In August 2019, news media reported a large pumice raft floating in the South Pacific between Fiji and Tonga. Subsequent scientific investigations revealed the pumice raft originated from the eruption of a nearby submarine volcano, which was directly observed as a volcanic plume in satellite images. This discovery will help scientists better predict for the precursors of a submarine eruption, such as low-frequency earthquakes or hydrophone data, using machine learning.

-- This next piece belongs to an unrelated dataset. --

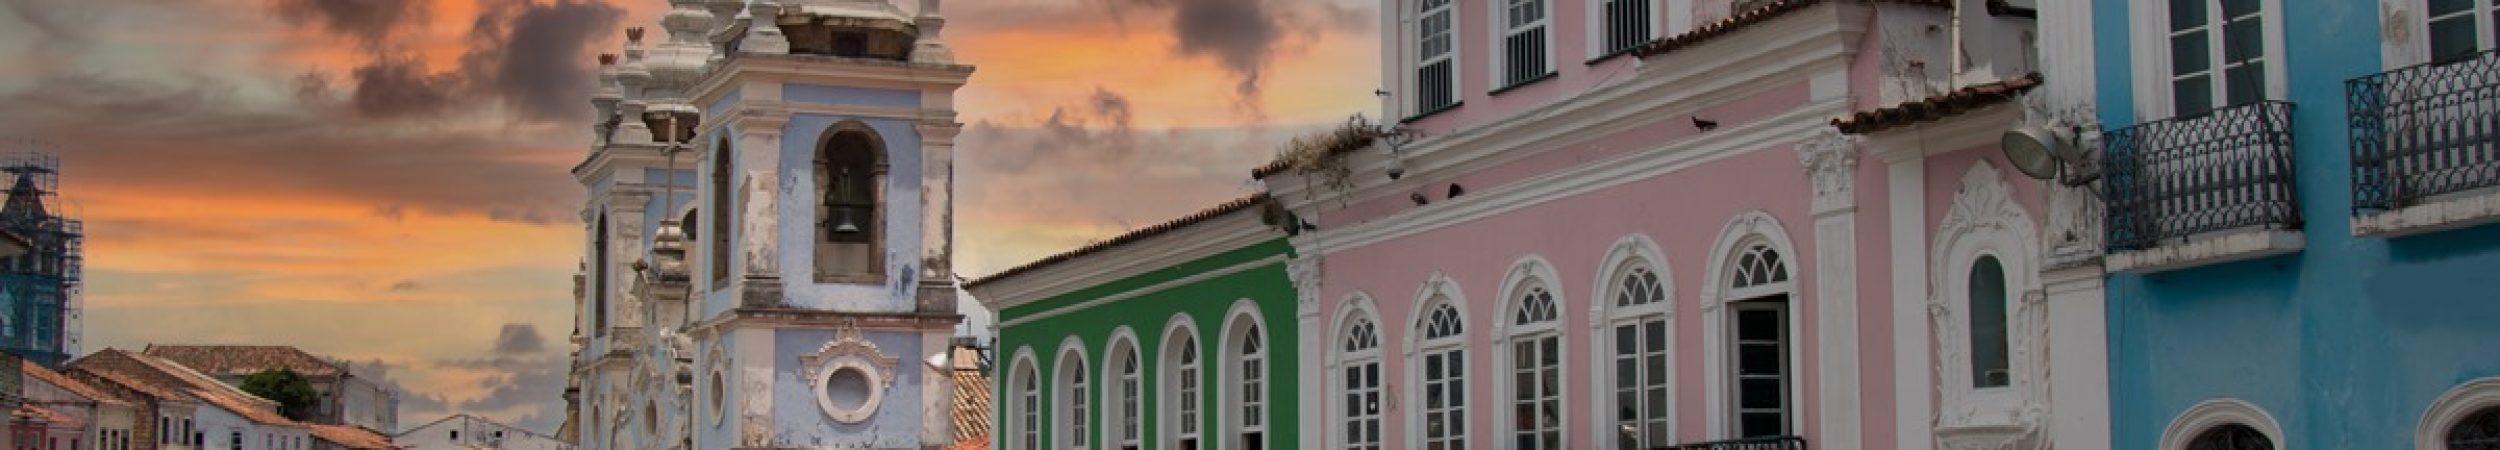 Pelourinho Historic Center of the city of Salvador Bahia Brazil.
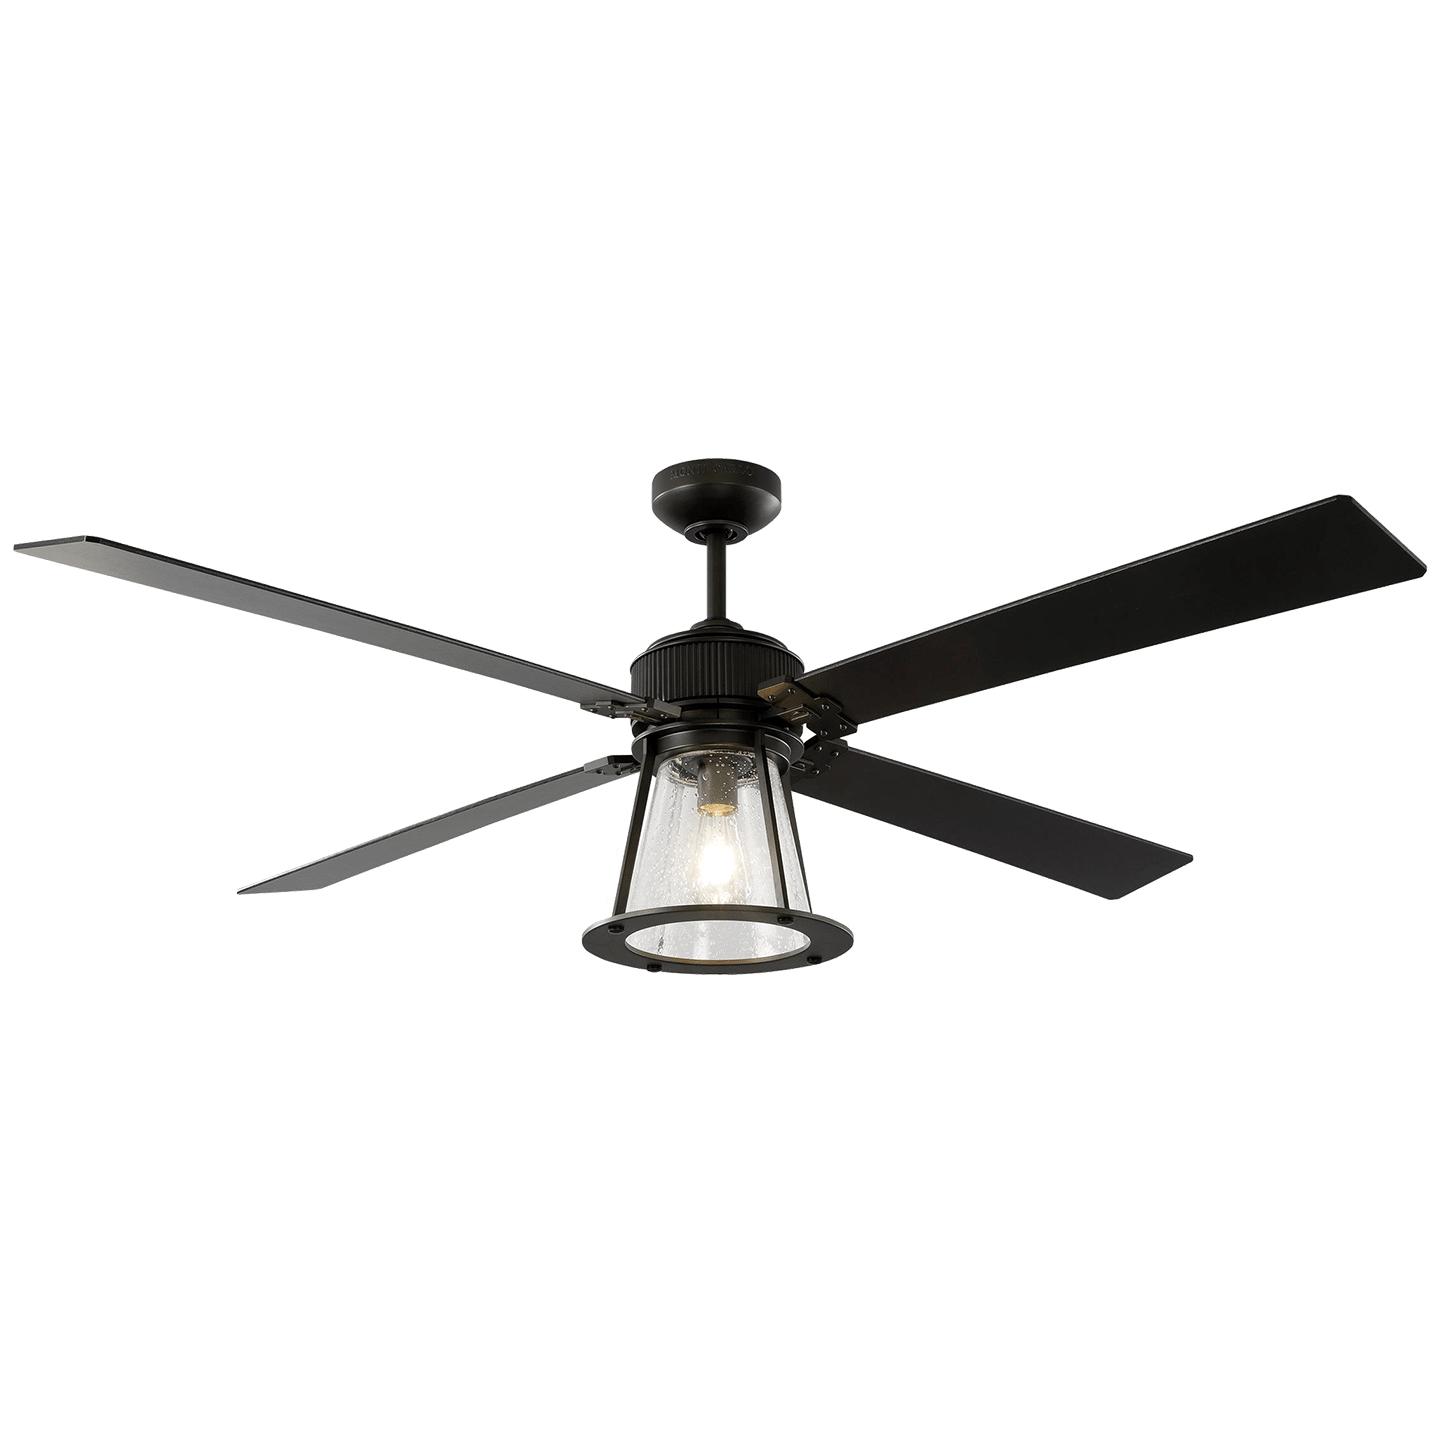 Купить Потолочный вентилятор Rockland 60" LED Ceiling Fan в интернет-магазине roooms.ru

== Santorini: magma pressure ==
Santorini, Greece, is located in the southern Aegean Sea. It is located around 128 nautical miles southeast of the Greek mainland and about 63 nautical miles north of Crete. Crete is the largest of the Greek islands. Santorini is located along the active South Aegean Volcanic Arc. This arc was formed by the subduction of the African Plate beneath the Aegean microplate. This leads to the creation of seismicity and volcanic unrest in the region. One of these cases happened in late January in Santorini. The island of Santorini and neighboring islands experienced a sequence of over 28,000 earthquakes. Several over a magnitude of 5.0. These crisis lasted the duration of a month. Scientists later found that 300 million cubic meters of magma intruded 4km below the seabed. This means that no submarine volcanoes erupted; rather, scientists found that pressure can accumulate between islands and these underwater magmatic systems. This opens a whole new set of questions. Eruptions aren't the only thing to worry about; this buildup of pressure has caused over 20,000 earthquakes and forced locals to flee. These events show that while these underwater volcanoes might not be super dangerous now, they serve as a long-term warning of potential future activity.